In the comments of Andrej Bauer's blog post How to implement dependent type theory III someone named Flavio mentions old Coq modules from before inductive types were added. I looked for these old modules, but I couldn't find them. Anyone knows where I can find them?
Flavio's original comment:
When i implemented a dependent type checker the best test i found was to take old Coq modules (old versions that didn't have inductive types) and run then thru the checker... Really awesome feeling when you get it to work out some complicated examples...
the oldest Coq releases that are archived are from 1991, version 5.6: https://coq.inria.fr/distrib/
Inductive types were already added back then. The versions of Coq without inductive types were probably from the 80s, so not clear the code is still available.
There is a semi-privately circulating archive with implementations from the darkest ages of Coq, i.e. starting from 1984.
We basically never agreed on a license for it so the legal status is unclear, but I've been advocating for its official publication somewhere for a bit of time already.
(not sure it's really helpful as a test suite for CoC because there are few examples in the repo, and the syntax is antiquated)
aren't there some CoC examples also in https://github.com/coq-contribs/coq-in-coq
Pierre-Marie Pédrot said:
We basically never agreed on a license for it so the legal status is unclear, but I've been advocating for its official publication somewhere for a bit of time already.
That is unfortunate. I'd hope these files would be under an unencumbered open-source license.
Karl Palmskog said:
aren't there some CoC examples also in https://github.com/coq-contribs/coq-in-coq
Oh, thanks for the link. I'll see if I can find what I want in that repo.
It is not so easy to find term to test a CC implementation as I would expect. I found papers describing how to exhaustively generate small STLC terms and randomly generate large STLC terms, but so far no much success in finding a way to extensively test the dependent part of my toy type-checker.
Better than testing it, prove it correct...
@Pedro Minicz FWIW, if you want a toy CoC implementation, you might be able to use existing PTS interpreters; google should find the one by Toxaris and the one by dolio
@Pierre-Marie Pédrot do old Coq version not belong to INRIA or other French public institutions?
I think that matter was never settled.
IANAL, but AFAIK in France software produced by researchers does not belong to their employers.

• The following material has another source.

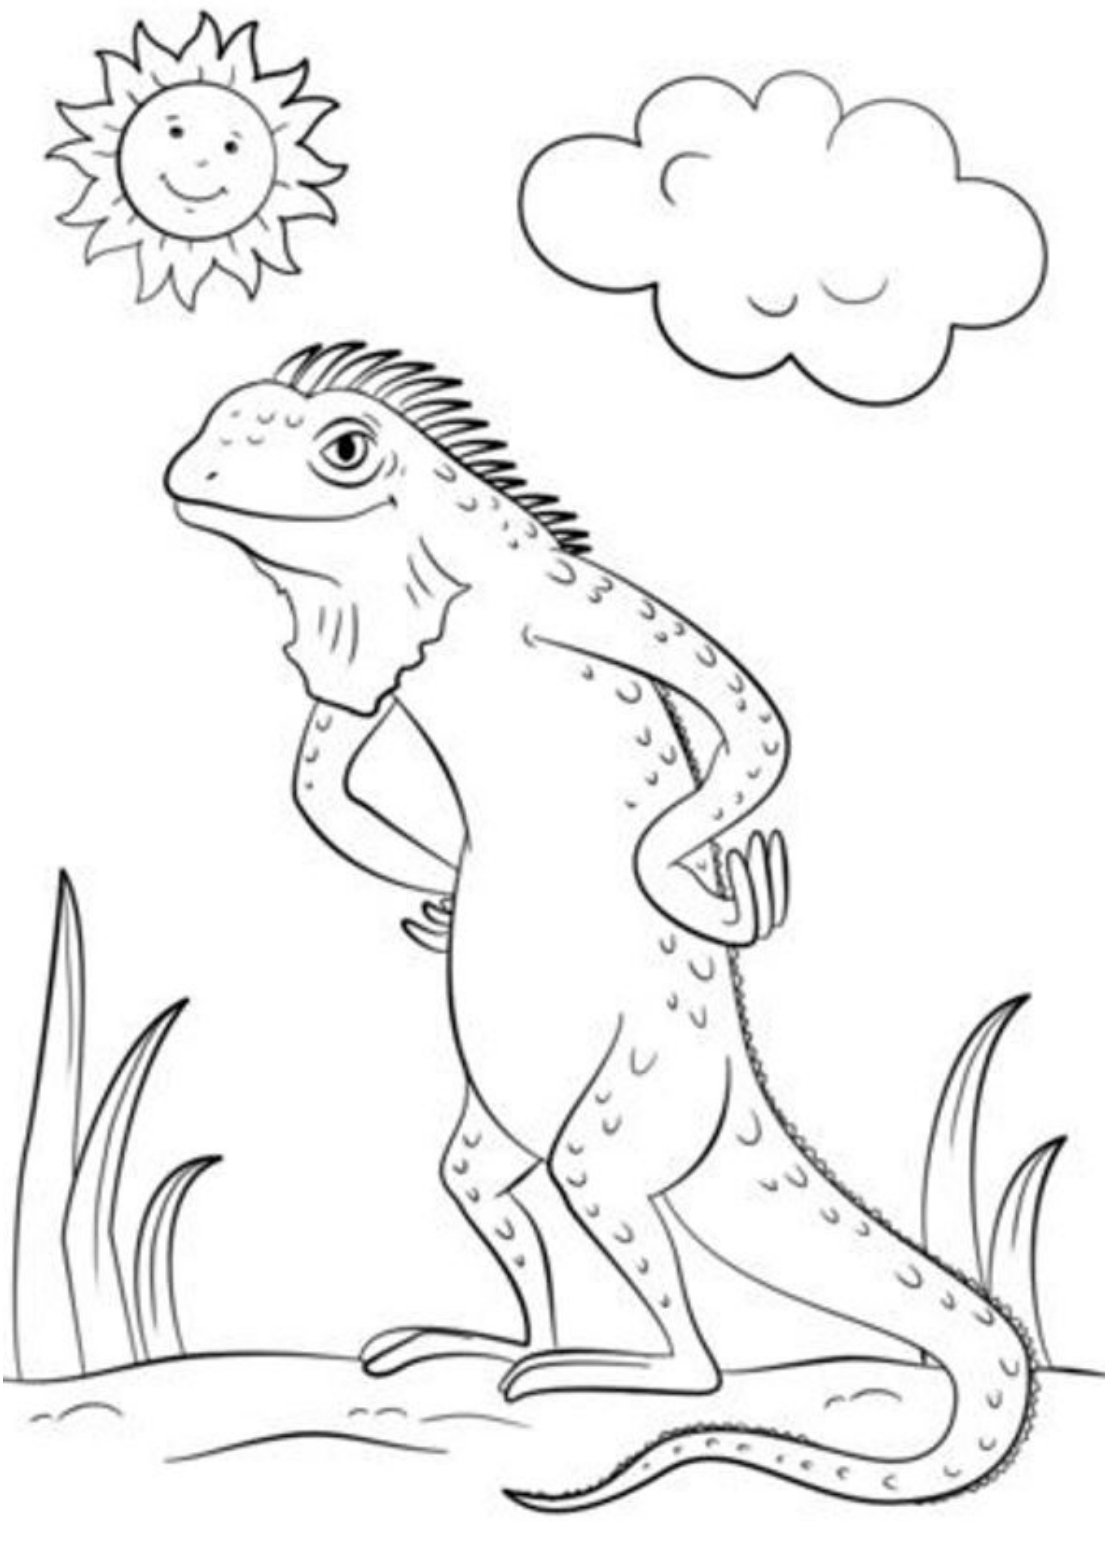 Drawing 10 from iguanas coloring page to print and coloring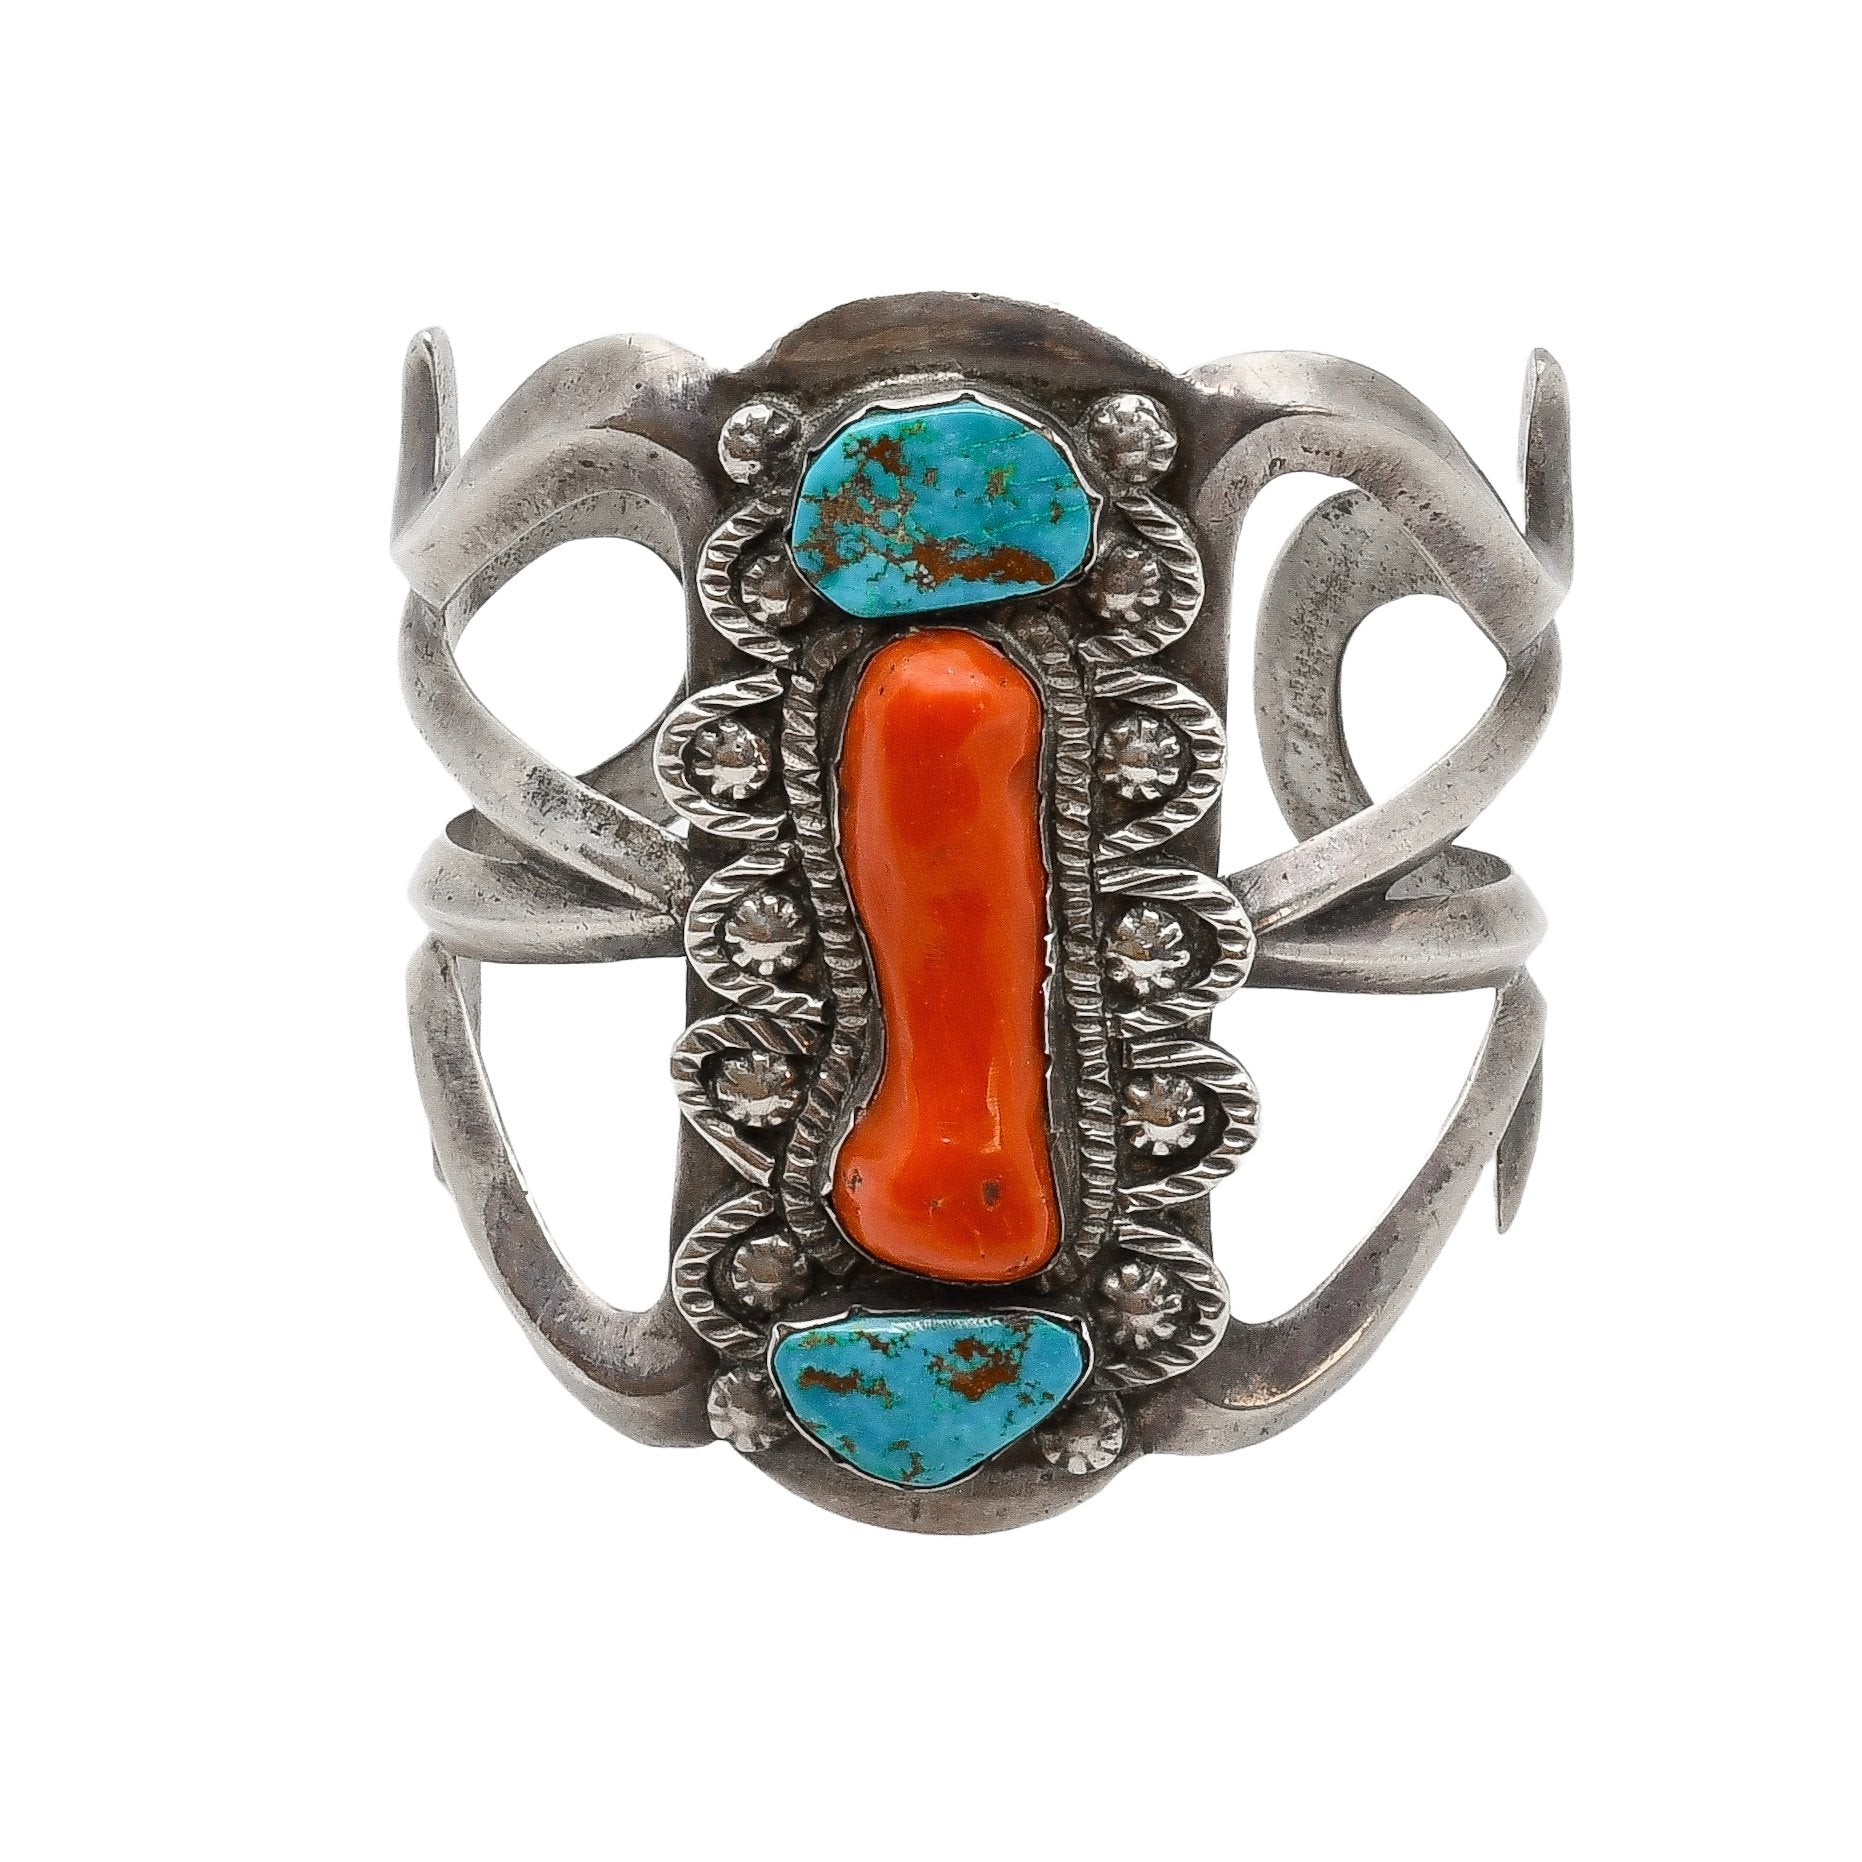 Vintage Wide Tufa Cast Navajo Bracelet With Turquoise and Coral - Turquoise & Tufa

Summoning @Maxime Dénès because I think he tried to look into that issue by asking lawyer-y people at INRIA, IIRC
@Pierre-Marie Pédrot do old Coq version not belong to INRIA or other French public institutions?
Why would they? They were written by INRIA researchers, and if what I wrote above is true, it should be legally theirs.
(well, not only INRIA, and I think this is part of the problem, because this ownership doesn't apply to other positions)
Hi! I don't remember looking into that particular issue. What we tried to do was to collect all the institutions having hired Coq contributors, in case we needed for example their agreement for a license change. AFAIK, this process more or less failed (at least we can't be sure to have identified all organizations). This would probably be make the publication of the old archive more difficult, although maybe not impossible.
@Pierre-Marie Pédrot Are you sure contributors were all working for Inria at the time they worked on versions up to the one that is in this archive?
We have many versions there, so probably not. But we can have different licenses for every release or so.
That said we're really too picky here. I've already put this archive on the internet, although you have to know where to get it (hint: not very hard). And I'm willing to sustain any legal turmoil that would follow (that is, probably none).
There are so many illegal public archives of abandonware...
doesn't this code even belong with some software history preservation archive?
for example: https://computerhistory.org/software-history-center/
Probably, but [insert here some ranting about the absurd copyright system we live in]
Most of the code from the Coq archive is not compilable today. It used old versions of Caml Lourd, LeLISP or other long forgotten research compilers.
sure, so maybe the most interesting parts are the actual Coq .v(?) code examples
Sweet summer child! The old Coq files are actually strings written directly in ML, following the glorious HOL minimalist approach.
here is Newman's lemma from Coq 1.10: https://gist.github.com/ppedrot/50159f6dbfeacd067ae07327f9887c37
ah right, but even HOL has stuff like this these days:
Theorem my_thm:
T
Proof
rw []
End
even if it expands out via macros to a bunch of ML
(I don't know why these people were obsessed with Newman's lemma, it's all over the place)
I think it's usually used when teaching people rewriting systems?